◆ **RAW DATA**
++++++++

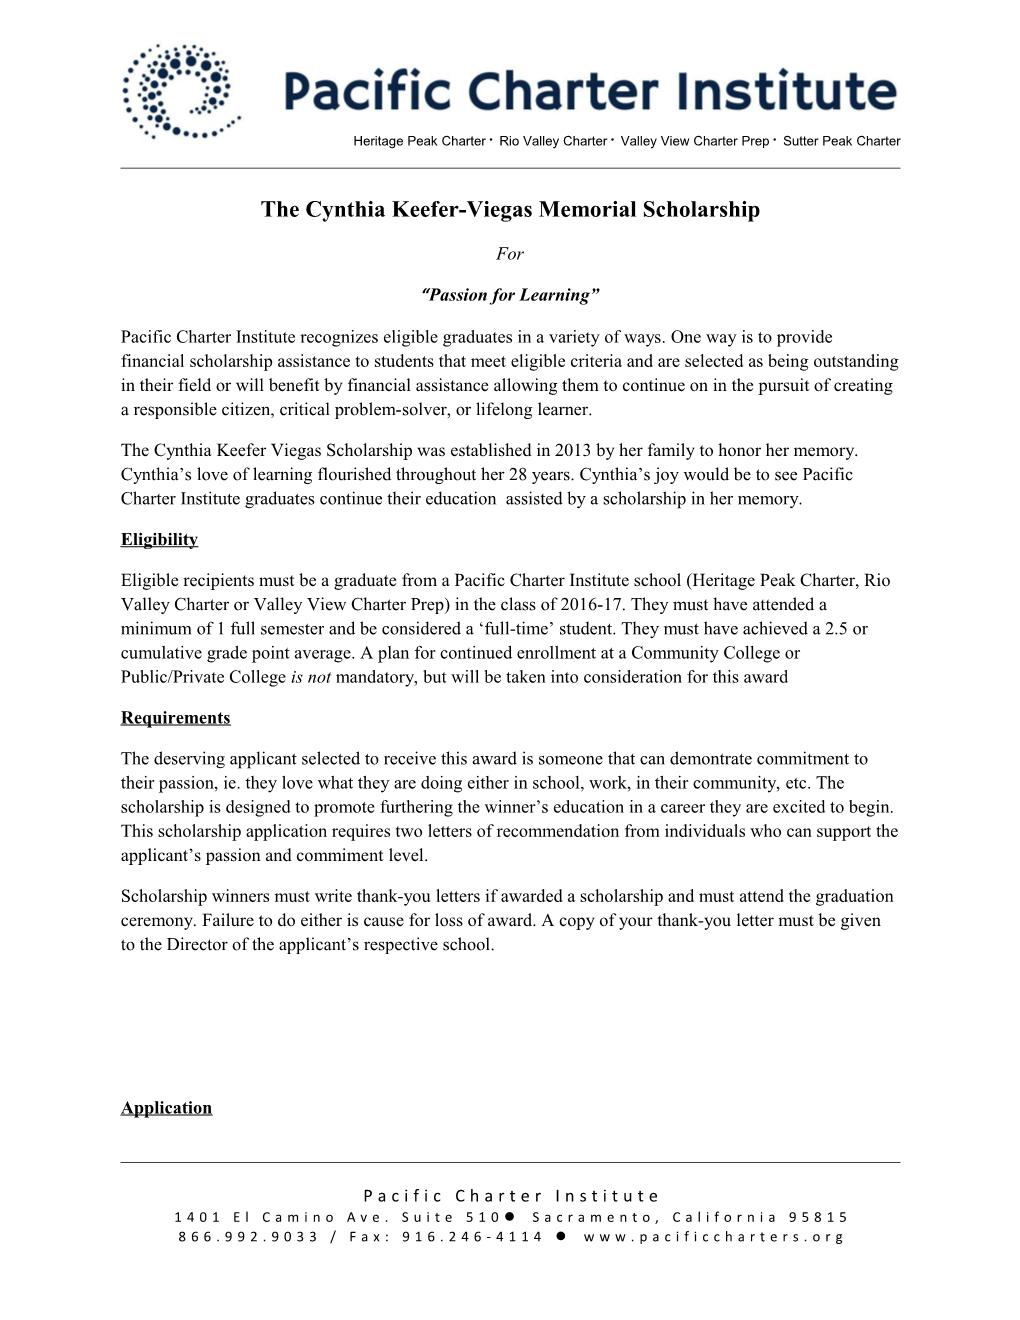 The Cynthia Keefer-Viegas Memorial Scholarship
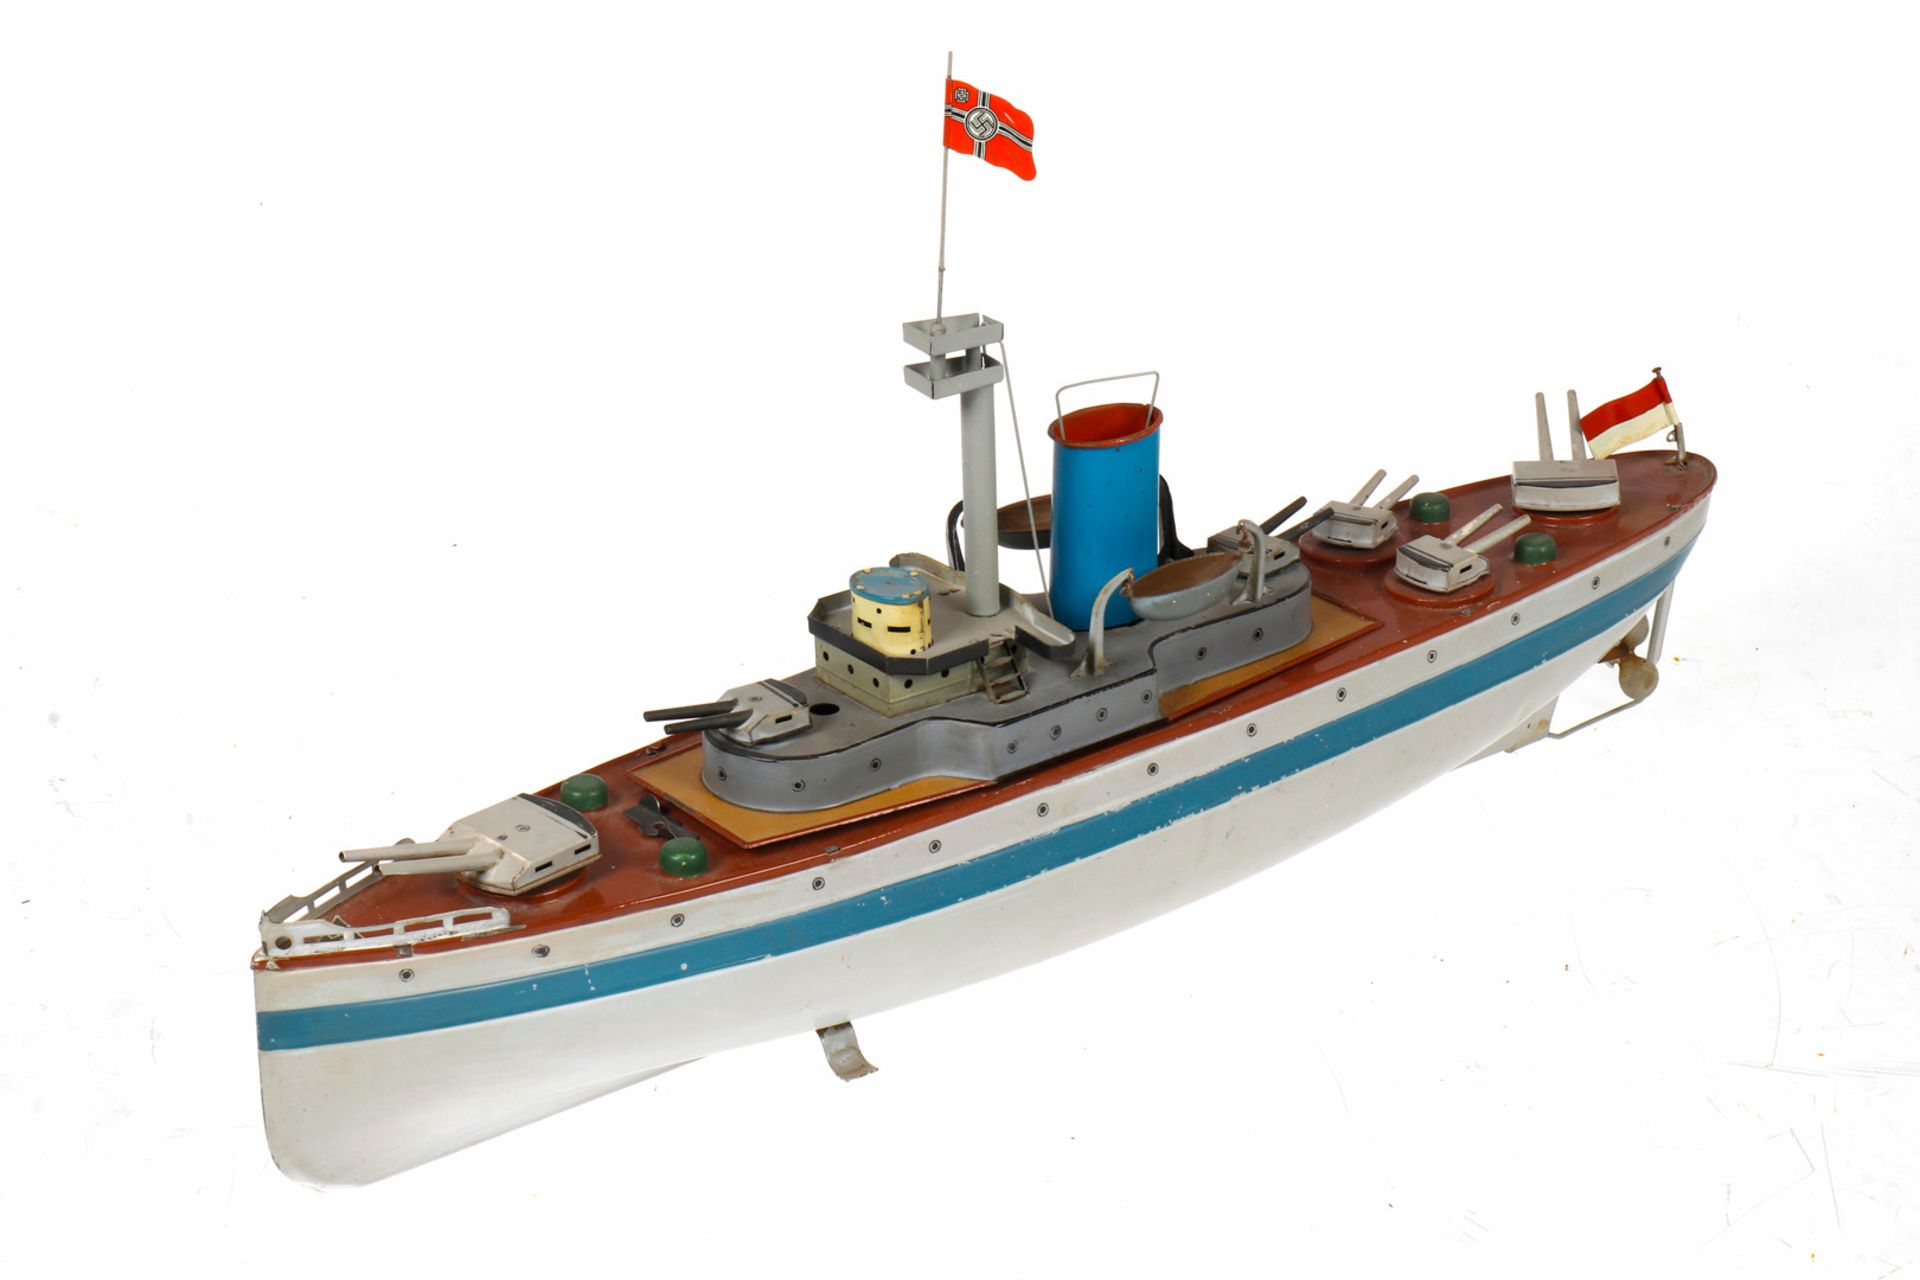 Fleischmann Kanonenboot, handlackiert, Uhrwerk intakt, mit 6 Drehgeschützen, L 50, Z 2
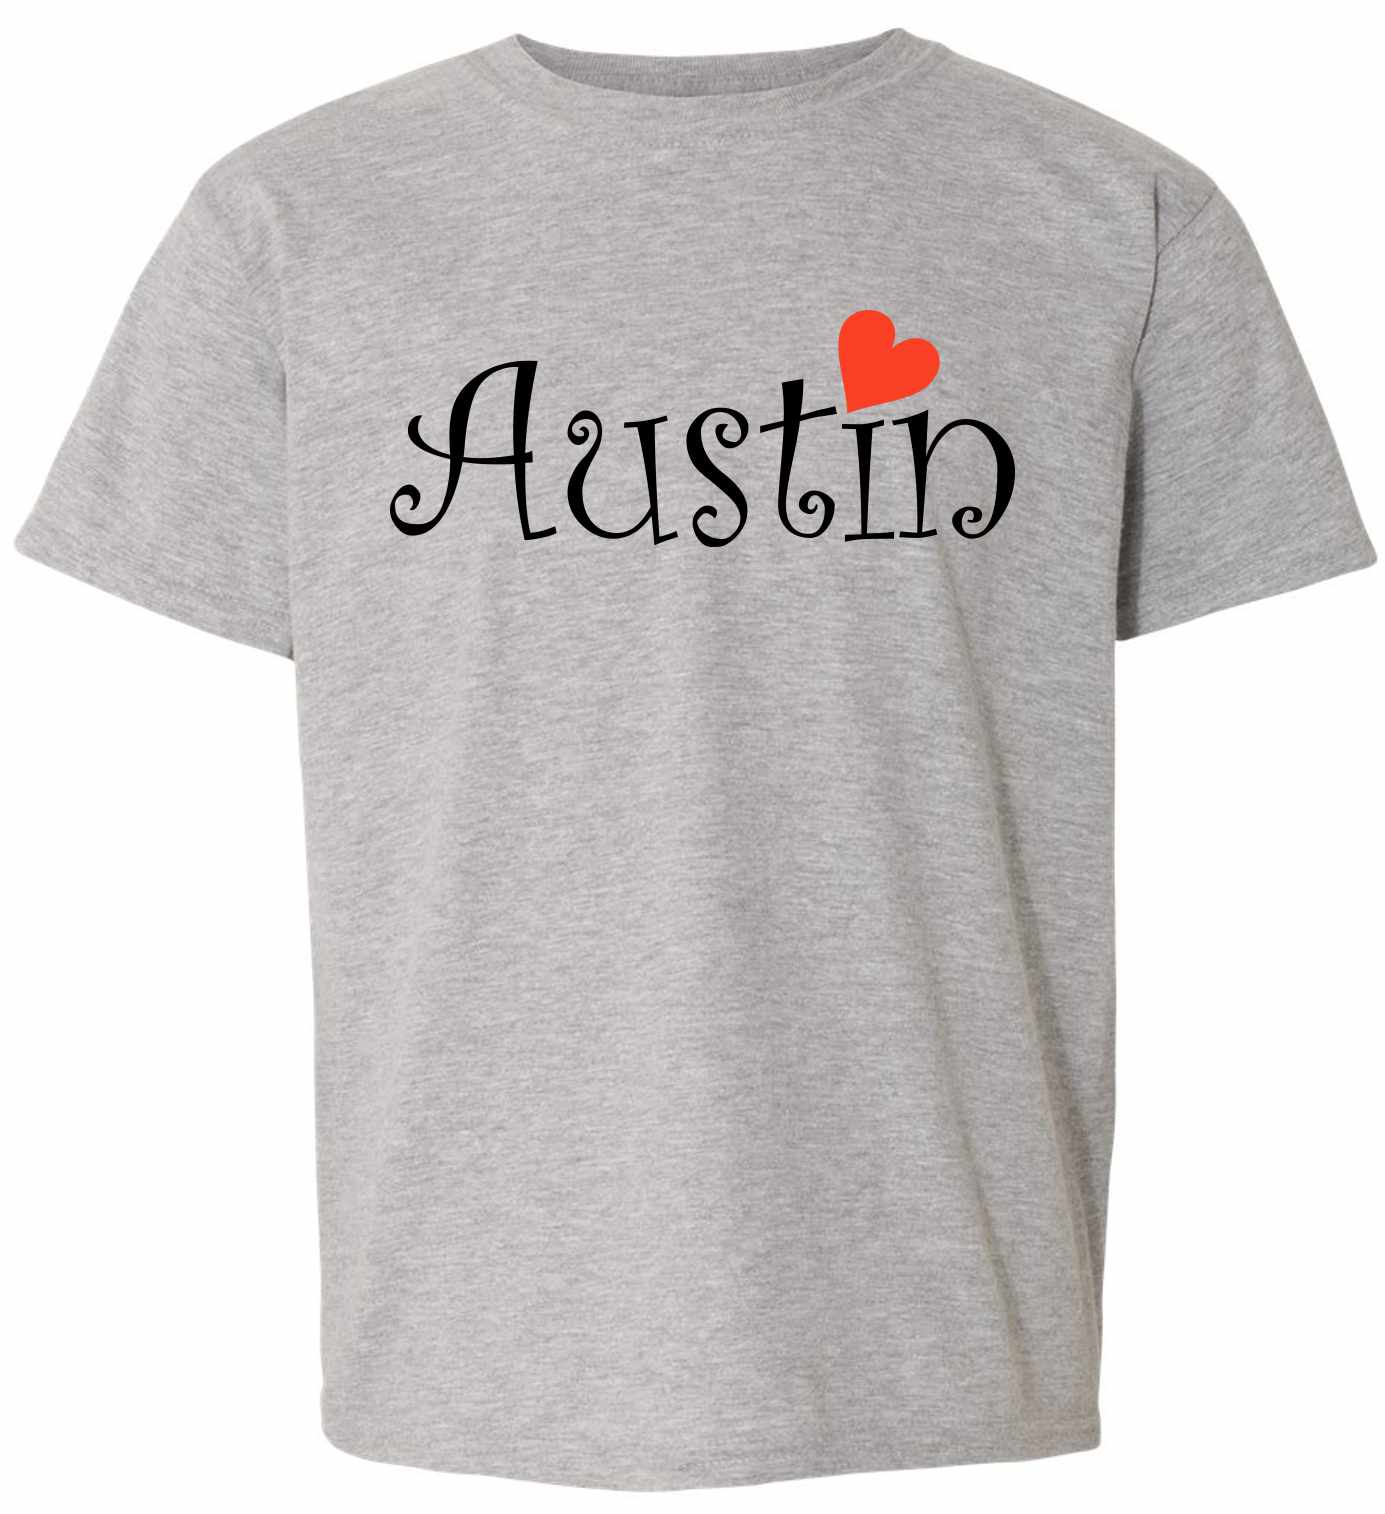 Austin City on Kids T-Shirt (#1338-201)
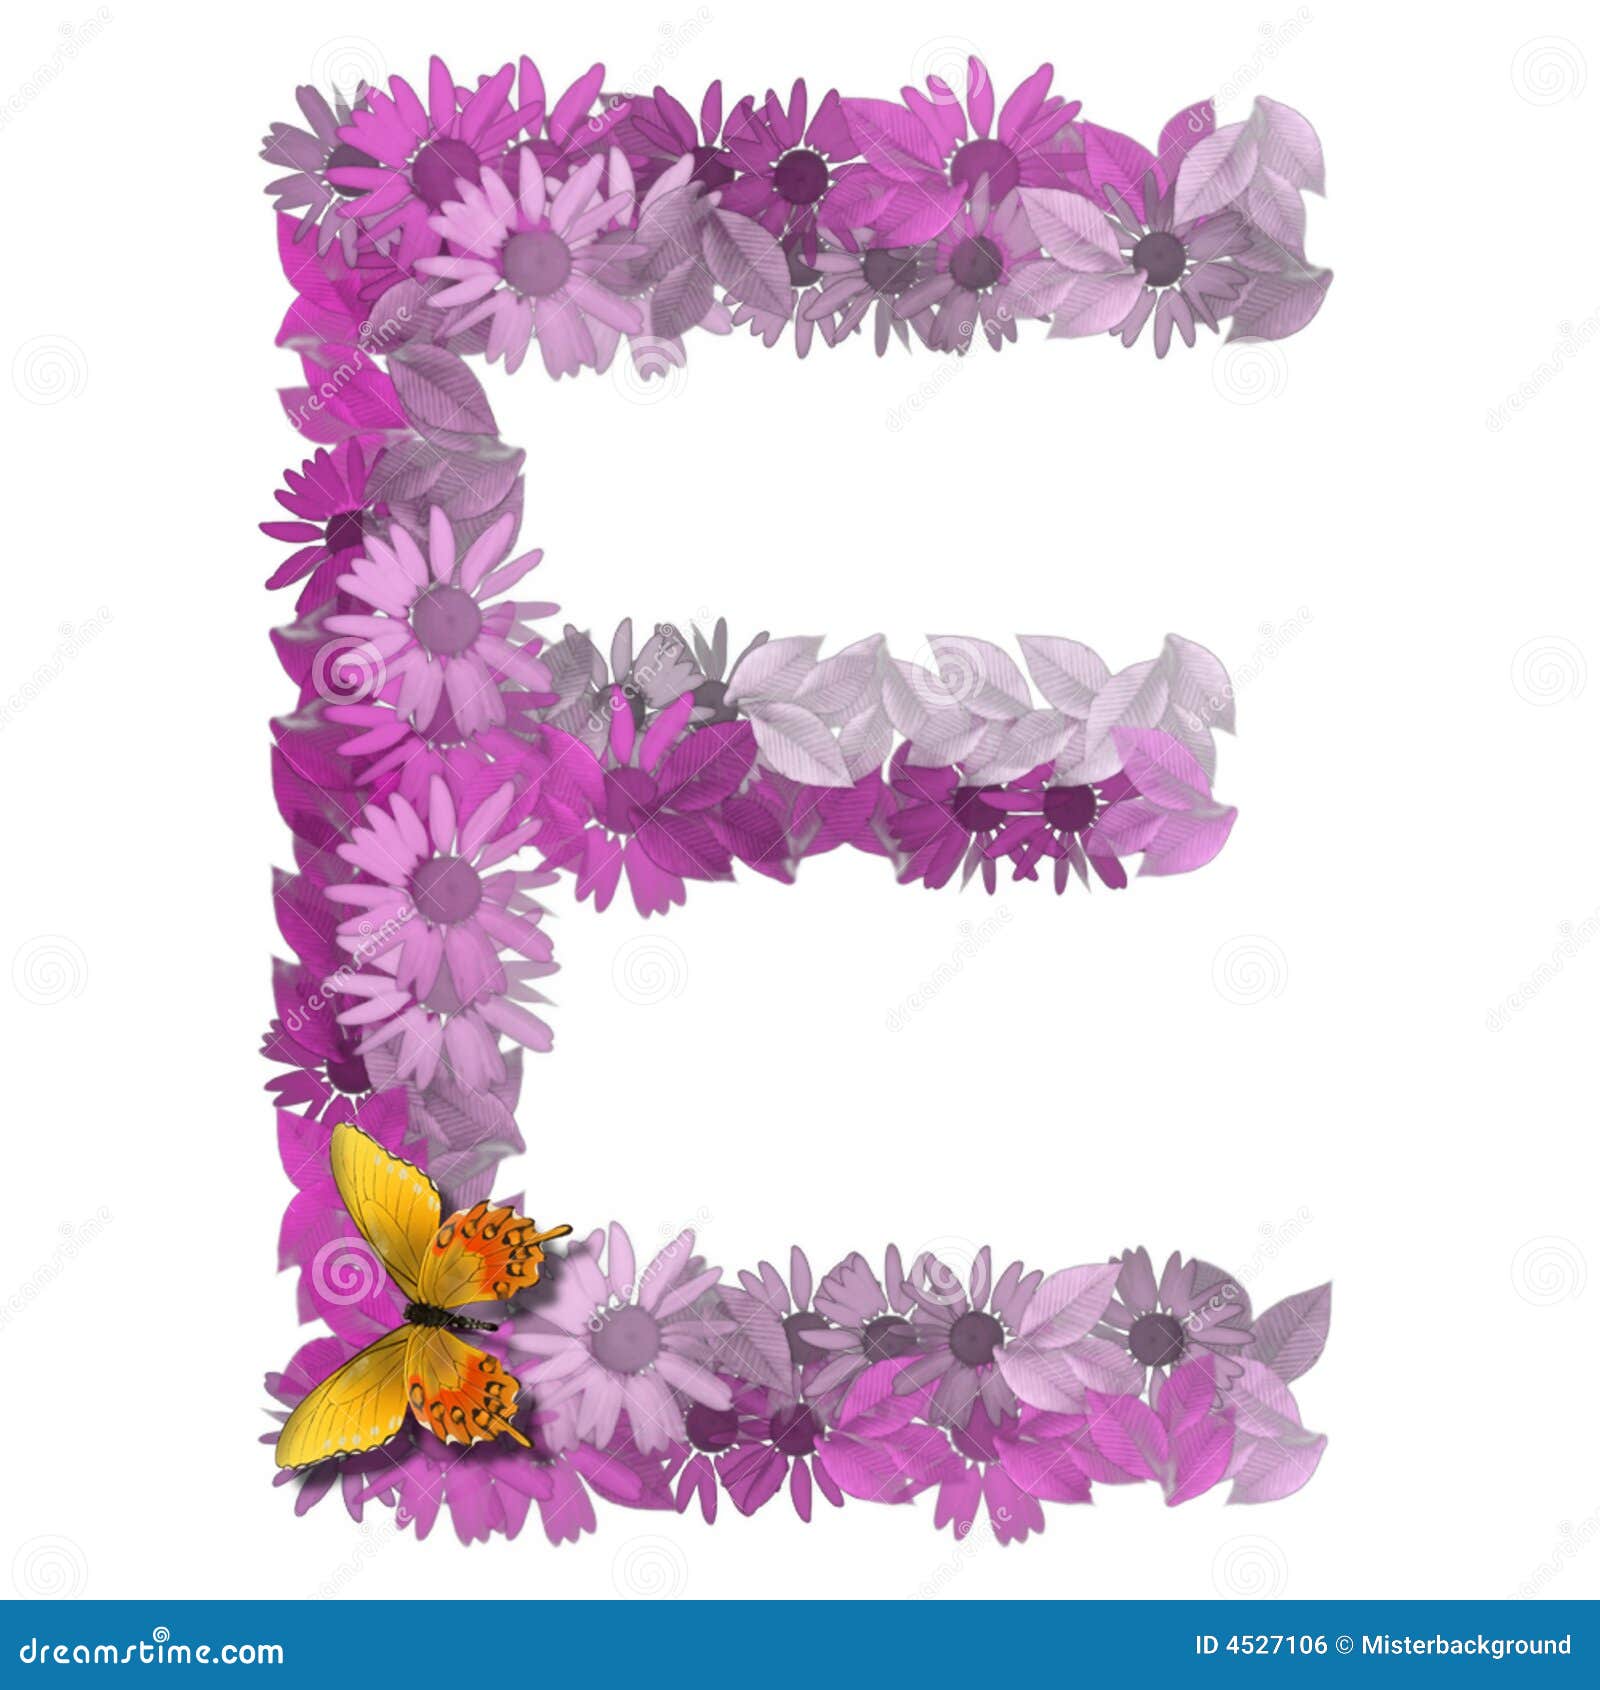 alphabetical letter vowel e

++++++++

◆ **INSTRUCTIONS FOR THE TASK**
An exact, word-for-word version of the material is required, free of pictures.

◆ **OUTPUT OF THE TASK**
 The Cynthia Keefer-Viegas Memorial Scholarship
 Fleischmann Kanonenboot, handlackiert, Uhrwerk intakt, mit 6 Drehgeschützen, L 50, Z 2
 Austin City on Kids T-Shirt (#1338-201)
 alphabetical letter vowel e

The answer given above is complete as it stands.